A series of things has transpired over the past month or two to make it feel like the whole enterprise has in fact met its audience & made a lasting impression over the past two decades. First, Anton & Sanna over at e-flux proposed an anniversary concert & reprise of the “Phase” film that often accompanied performances, replete with post-performance Q&A by Sasha Frere-Jones (who I’d been in regular contact with in the early 2000s). I’d been performing “Playthroughs” on occasion, but solely as a museum piece (ancient G4 laptop barely running the ca. 2005 iteration of the patch in Max-MSP 4.6) & this felt like a good time to contemporize the whole system while decluttering the bloat that had accumulated in the post-Lisbon era (all hail Cycling ‘74 & their ongoing innovations within Max-MSP; then & now the first & last word in bespoke audio-environments).
Second, and completely apropos of the above, kranky co-founder Bruce Adams’ book “You're with Stupid: kranky, Chicago, and the Reinvention of Indie Music” has hit the shelves worldwide, and is an absolute hoot; I can’t recommend it enough. Properly capturing the mise-en-scene of 90s-Chicago independent distribution & label antics in a completely enjoyable way, it’s an incredible snapshot of a time in which, frankly, we all had it way too good & simply didn’t know it. I urge you to seek it out, and/or go and see Bruce on his ongoing book-launch tour, including a stop here in NYC at the “Supplemental Space” of David Watson’s new Shift venue in lower Williamsburg on January 26th.

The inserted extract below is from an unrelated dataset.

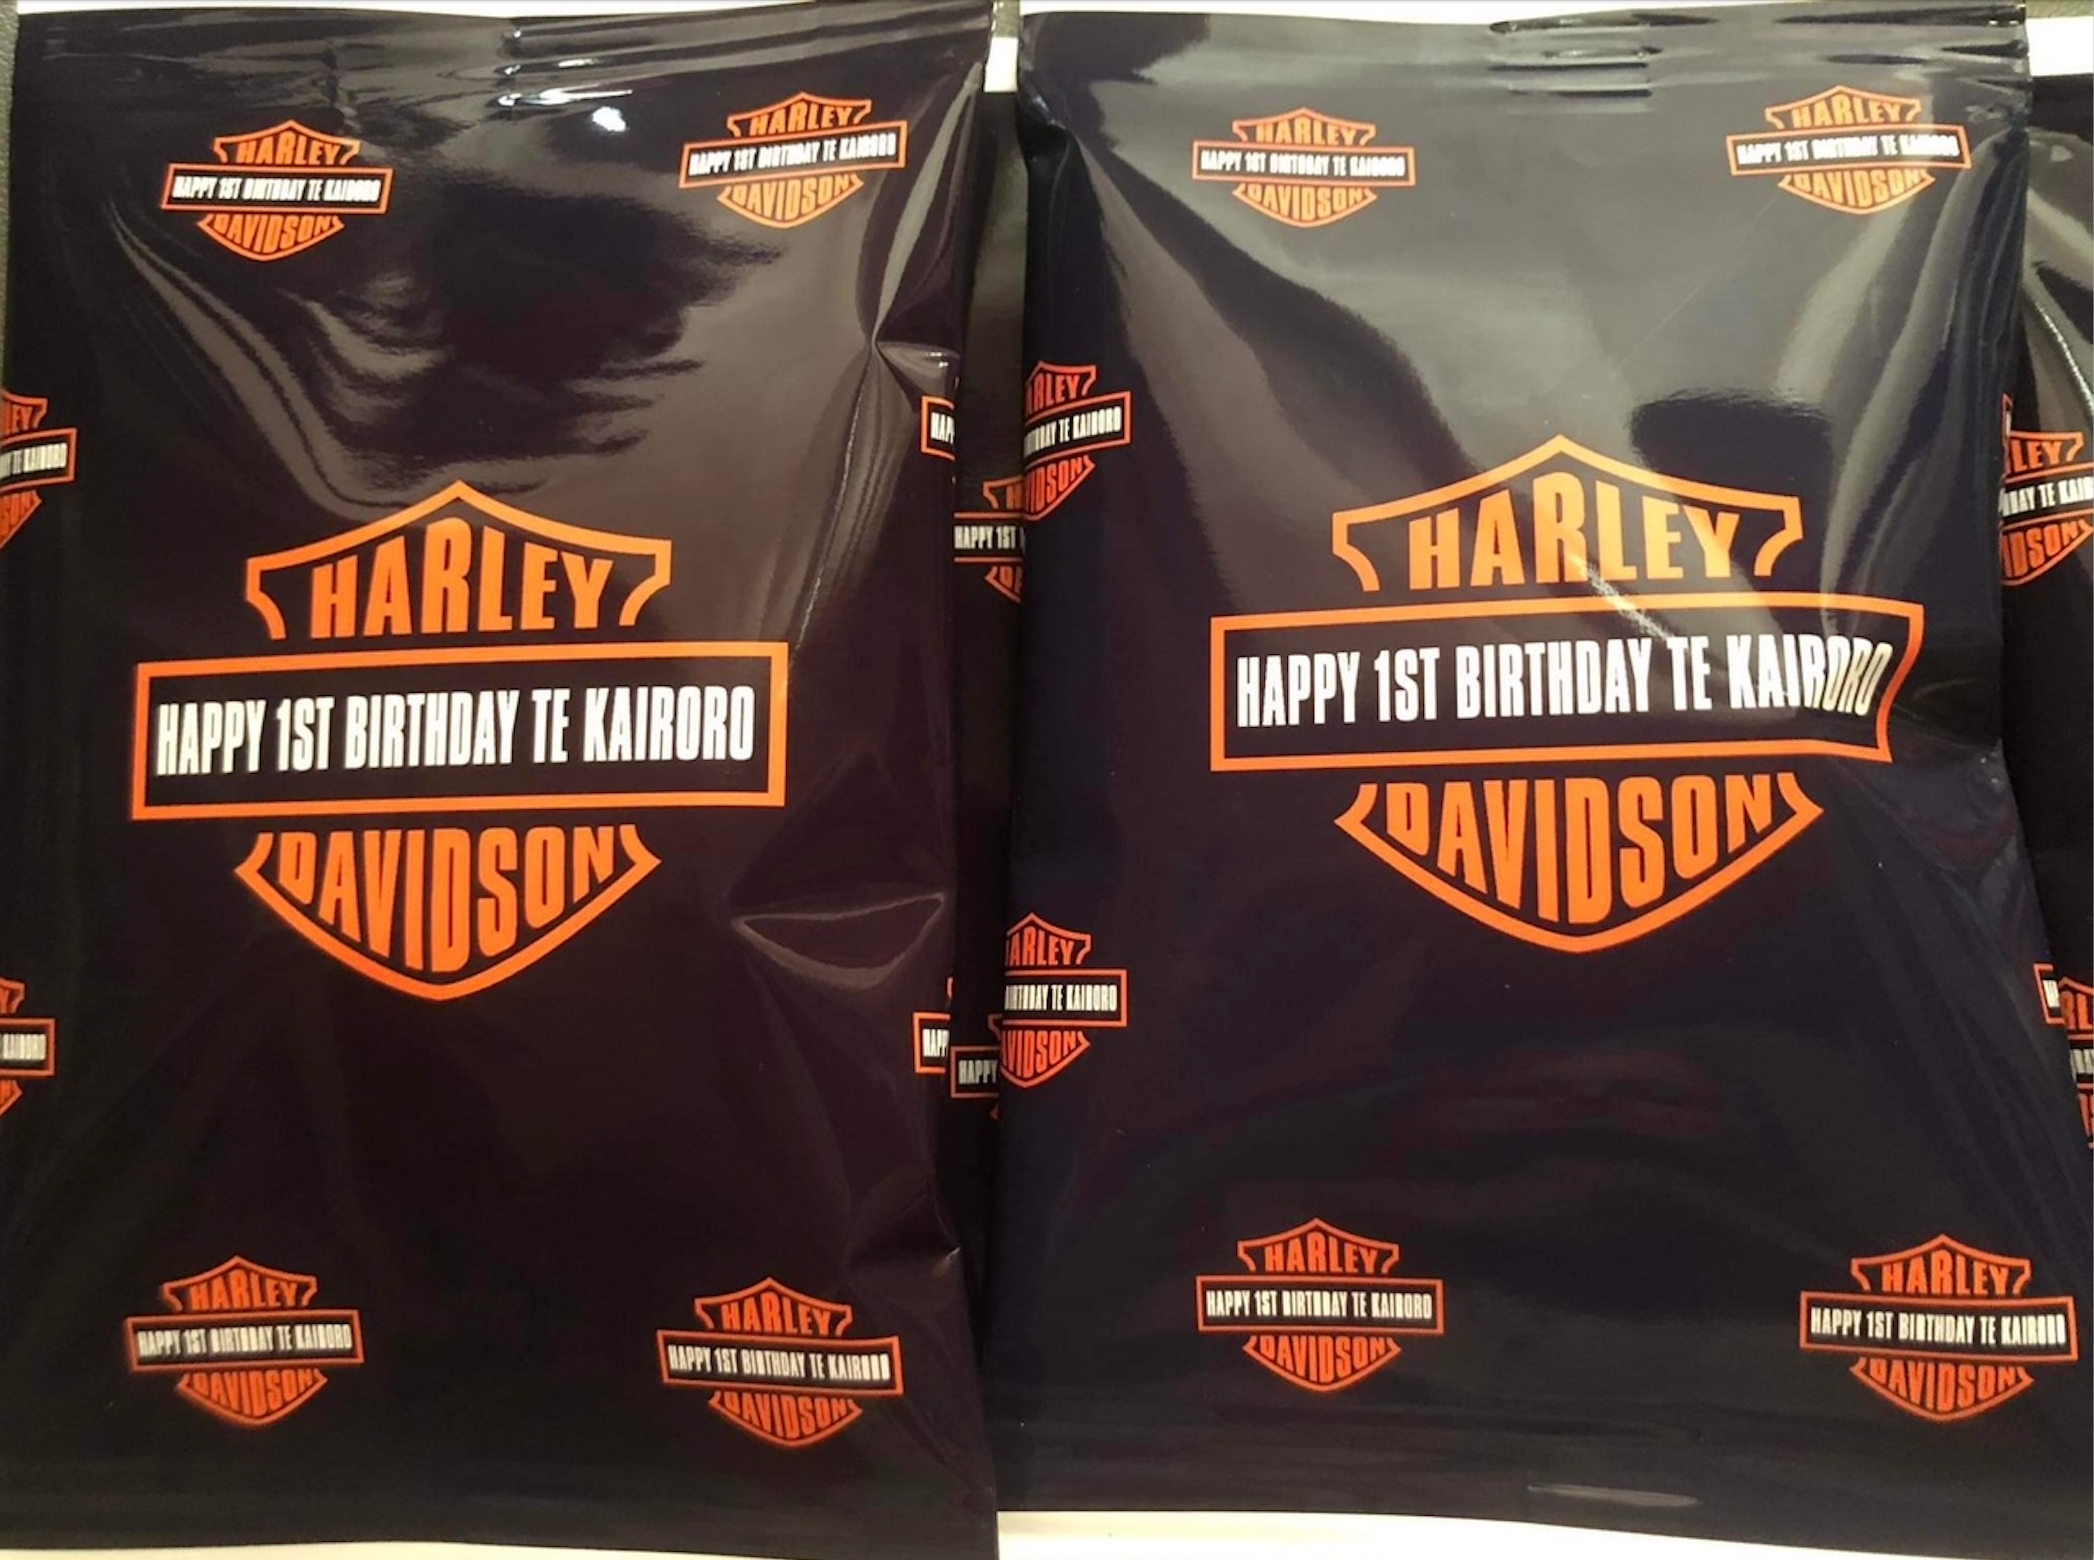 Harley Davidson chip packets

I’ll also be playing at Shift on February 16th w/ the inimitable networked Computer Music heavy & League of Automatic Music Composers founder John Bischoff (who, incidentally, has also been canonized in book form via Ludiger Brümmer’s fantastic “The Hub, Pioneers of Network Music” tome via ZKM/Kehrer Verlag). One of my life-highlights was when John graciously showed me around the Mills College Center for Contemporary Music (CCM) in the mid 2000s (including the OG Buchla Red Panel) & made all of that incredible history real; very much looking forward to debuting a new configuration of wireless reciprocal real-time room-tone processing of live Guitar improvsations, performed with a standalone system comprised of the embedded-computer instruments I’ve been working with as of recent.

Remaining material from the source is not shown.